Дыхание вроде свежее. Уже хорошо.
— Сколько дней не курила?
— Как вы и приказали, Дмитрий Аркадиевич! Почти неделю, — отозвалась, нервно переминаясь с ноги на ногу. — Честно сказать, уже ломка. Вот-вот сорвусь!
— Терпи! За тот гонорар, который тебе отстегнул, я вправе требовать выполнения всех моих условий. Верно?
— Все так.
— Наш разговор помнишь? Имя, фразы, жесты… все запомнила?
— Конечно! Перед вами очень прилежная ученица!
— Научить тебя, что ли, расслабляться? — не удержался от «шпильки» Соколовский.
Она кокетливо стрельнула в него глазами:
— После завершения дела я… свободна.
— После завершения дела, — напомнил Дмитрий, чеканя для этой бестолочи каждое слово, — ты сваливаешь из страны!
— Извините.
— Держи! — он протянул ей коробку с некогда любимыми духами Марины Черчесовой. — Вечером ты должна пахнуть этим.
— Да, конечно!
Не говоря более ни слова, он развернул ее к себе, обнажив ее ухо. Тут же «посадил» микро-жучок размером со спичечную головку прямо в ушную раковину представительницы древнейшей профессии.
— Можешь мне еще раз двинуть, — скептически цокнул языком Сокол, — но с уходом Рыжей ты явно тронулся умом. Черте что творишь!
Борзый лишь хищно оскалился, совершенно не спеша вгонять собственный кулак другу в подреберье.
— Вот увидишь, эта девочка выведет нас на его логово! Мимо нее он пройти не сможет. Не сможет!
— Верится с трудом, — подал голос внутренний Пашкин скептик. — Представляешь, сколько воды с тех пор утекло?
— Ради этой женщины он предавал! — ответил Борзый тоном, не терпящим возражений. Ибо осточертели его сомнения. — И убивал! Такое едва ли забывается!

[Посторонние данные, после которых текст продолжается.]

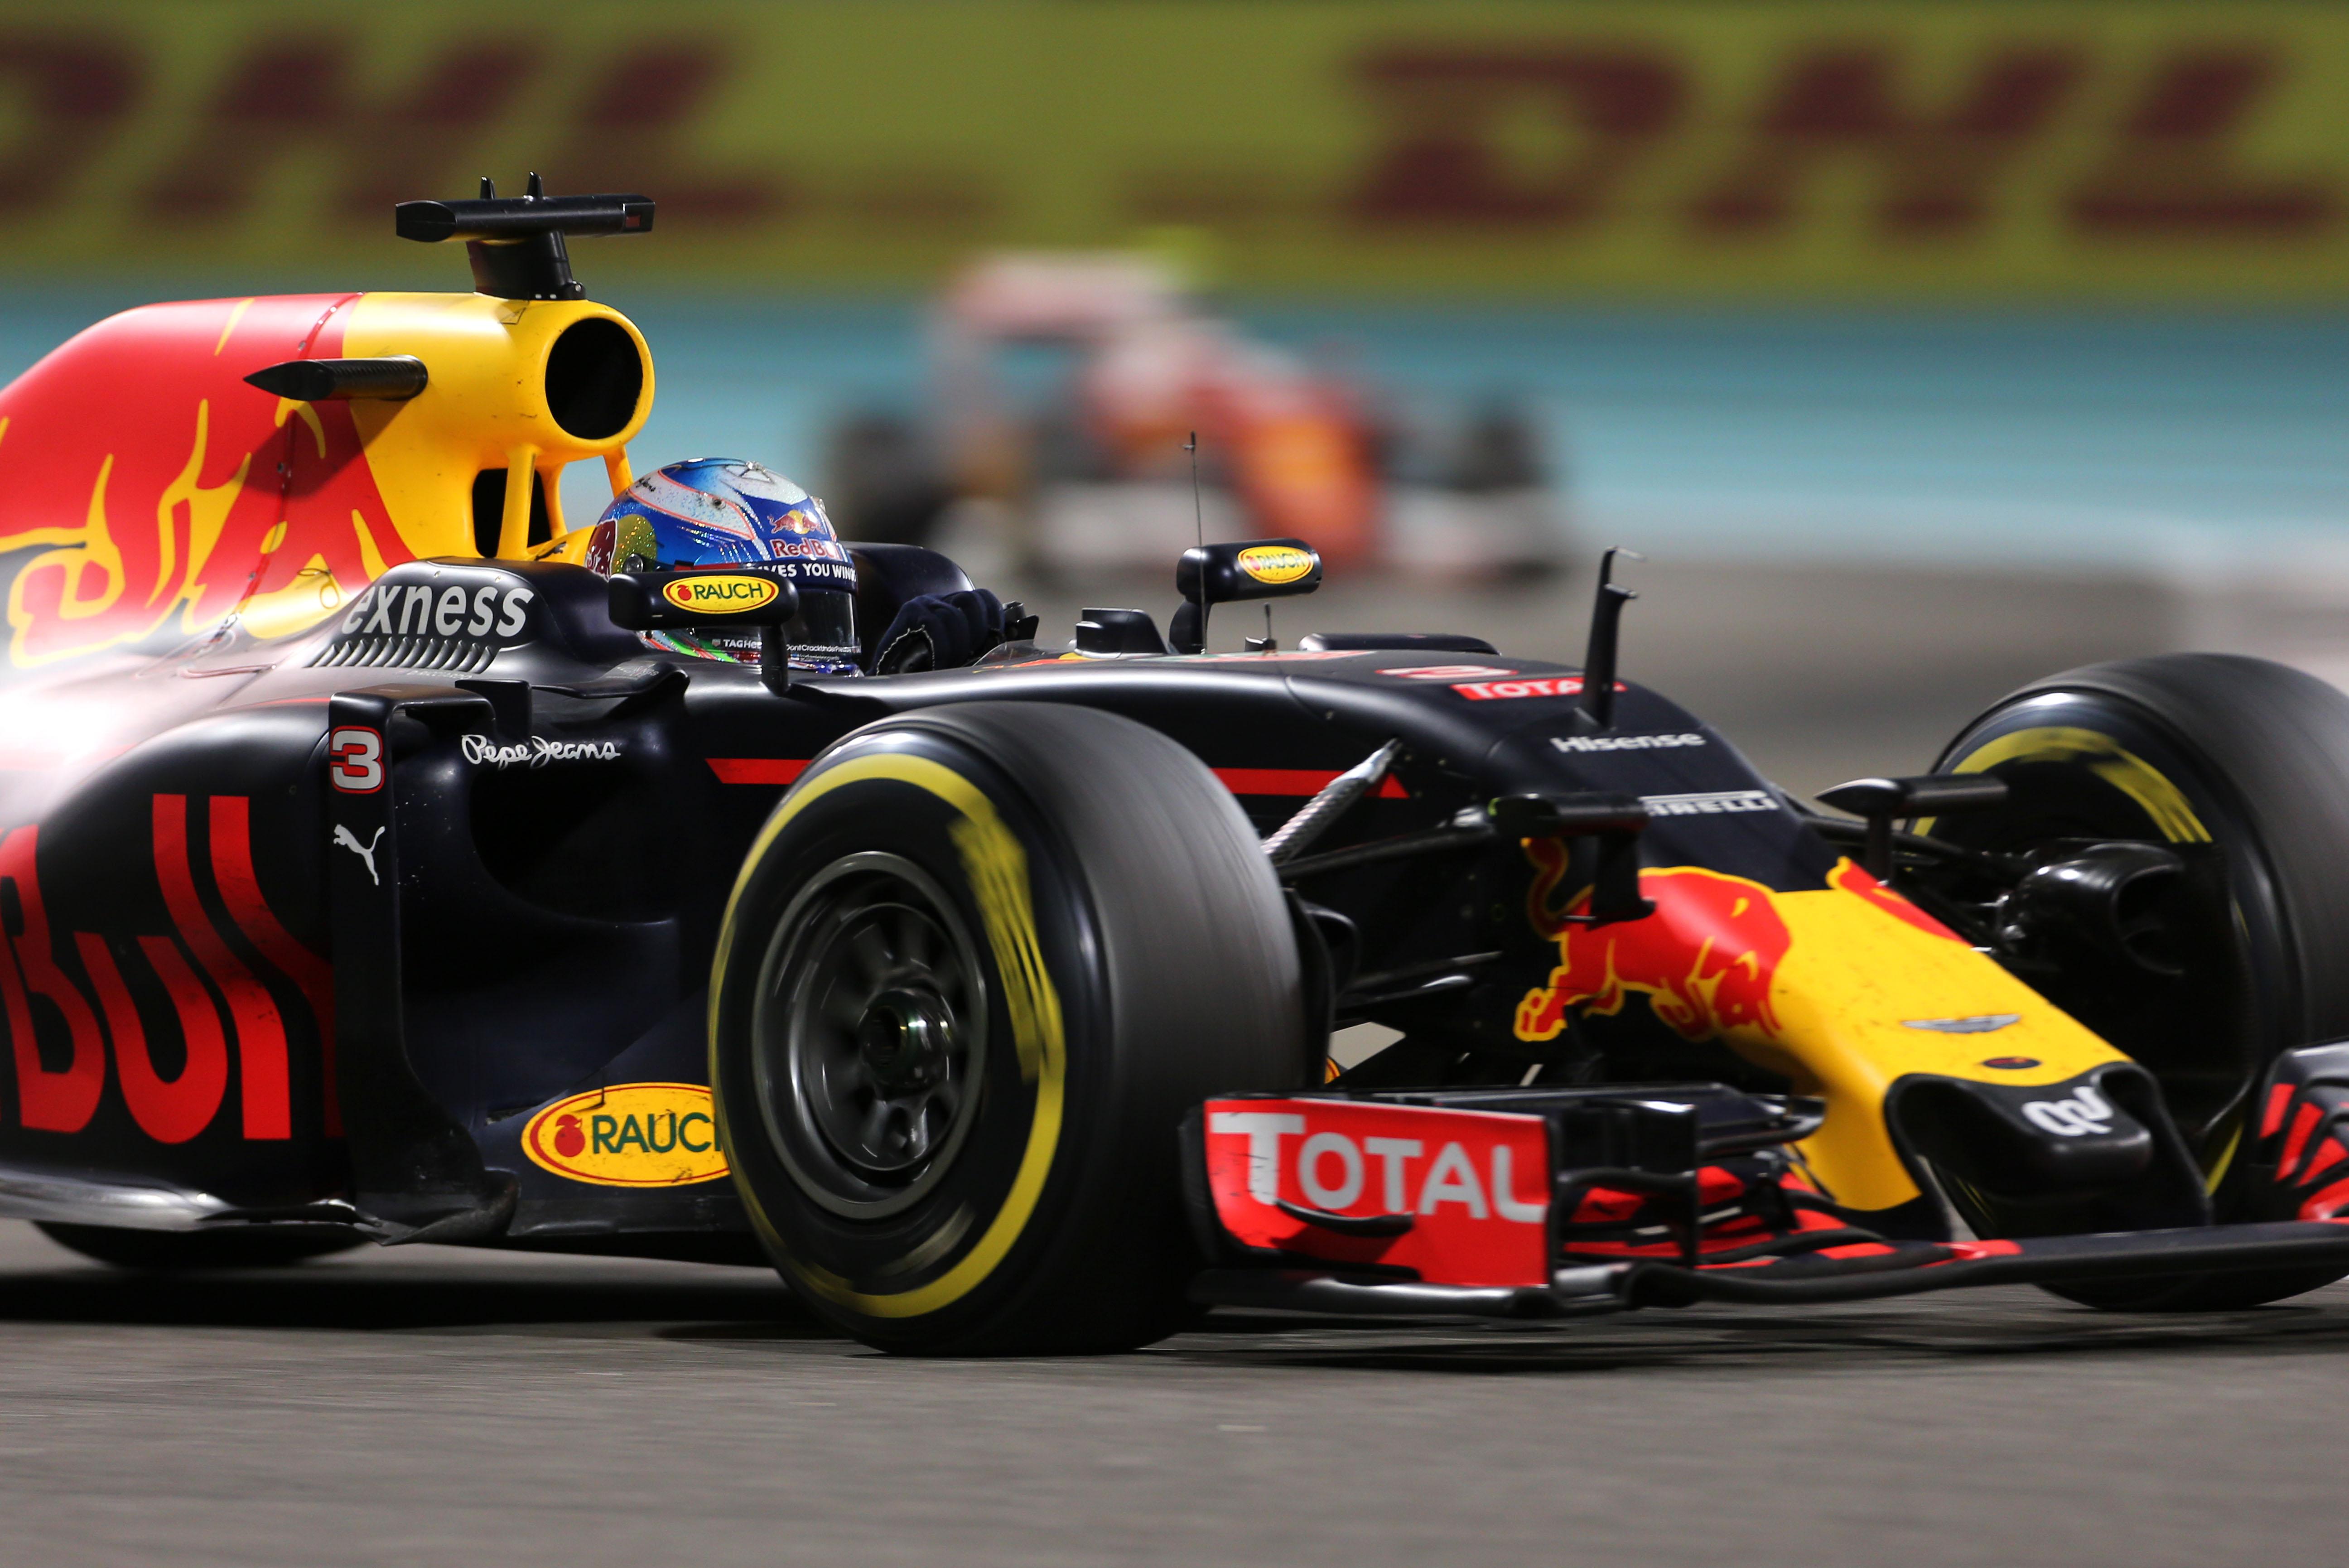 Daniel Ricciardo - Red Bull Racing [2015]

— Но несмотря на все старания, Марина выбрала другого! - вновь усомнился Сокол. - Это могло заставить мужика презирать ее! Да и вкусы Зарутского могли измениться с годами. Что, если он на нее не клюнет?
Дмитрию нестерпимо захотелось провести с другом разъяснительные беседы на тему взаимоотношения полов или же схватить его за шкирку и хорошенько встряхнуть, дабы привести в чувства. Однако при невольной свидетельнице их разговора позволить себе подобного не мог. Потому подал девушке знак подождать в сторонке. Как только она отошла на достаточное расстояние, коротко рыкнув, заметил:
— Значит, будем дальше решать! Отцу по сей день не удалось вычислить крысу. Если верить Толе, владеет данной информацией только Макар. А подобраться к нему тихо, без лишнего шороха, не так-то просто. Он постоянно со своими мордоворотами. Хочешь верь, хочешь нет, а пока это единственный способ застать его врасплох - одного, без охраны, не вызывая лишних подозрений... каким бы бредовым этот способ ни казался.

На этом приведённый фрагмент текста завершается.